You have a really good point. AWK feels incredibly modern for being so old.

kazinator · on May 24, 2018

Until you find that it has no local variables other than function parameters. In a function, local variables can be simulated by defining additional arguments ... and not passing those. Everything that isn't a function parameter is a global!

Awk is stupidly confused whether it is a two-namespace or one-namespace language (think Lisp-2 vs. Lisp-1). For instance, this works:

  function x()
  {
    print "x called"
  }

  function foo(x)
  {
    x() # function x, not parameter x.
  }

but in other situations the two spaces are conflated. For instance sin = 3 is a syntax error because sin is the built-in sinusoid function, even though you're using it as a variable, which shouldn't interfere with function use like sin(3.14).
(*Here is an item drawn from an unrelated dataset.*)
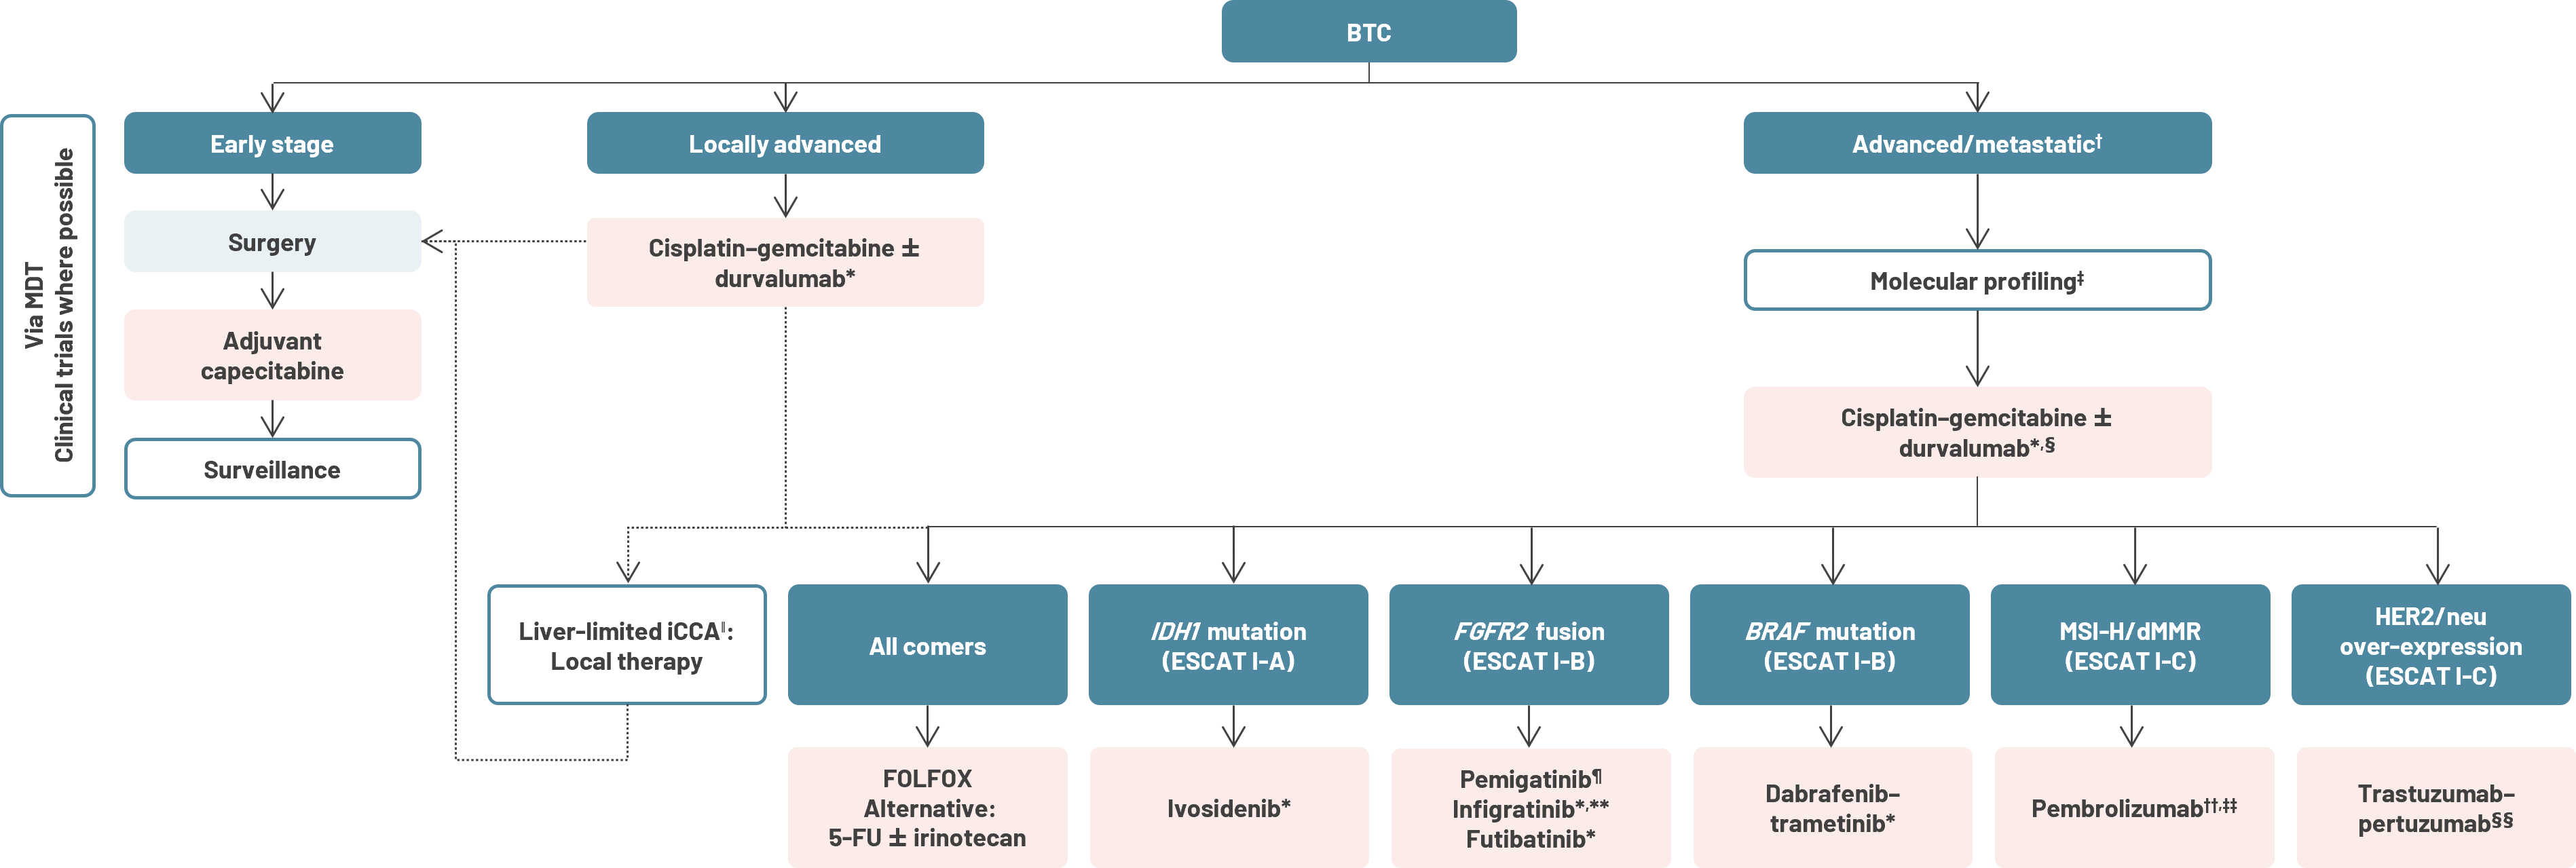 A chart showing the treatment algorithm

coliveira · on May 24, 2018

Actually what you show is that there is a clear rule. First, the symbol is treated as a function. If it is not in the function space, then it is used as a variable name. To make a finer distinction awk would need some form of local variable declaration, which it clearly hasn't.

kazinator · on May 24, 2018

> First, the symbol is treated as a function. If it is not in the function space, then it is used as a variable name.

That is simply not the case. x() unambiguously treats x as a function, and will fail if there is no such function, even if there is a variable x.

  $ awk 'function foo(x)
         {
           x()
         }

         BEGIN { foo(42) }'
  awk: cmd. line:2: fatal: function `x' not defined

> To make a finer distinction awk would need some form of local variable declaration, which it clearly hasn't.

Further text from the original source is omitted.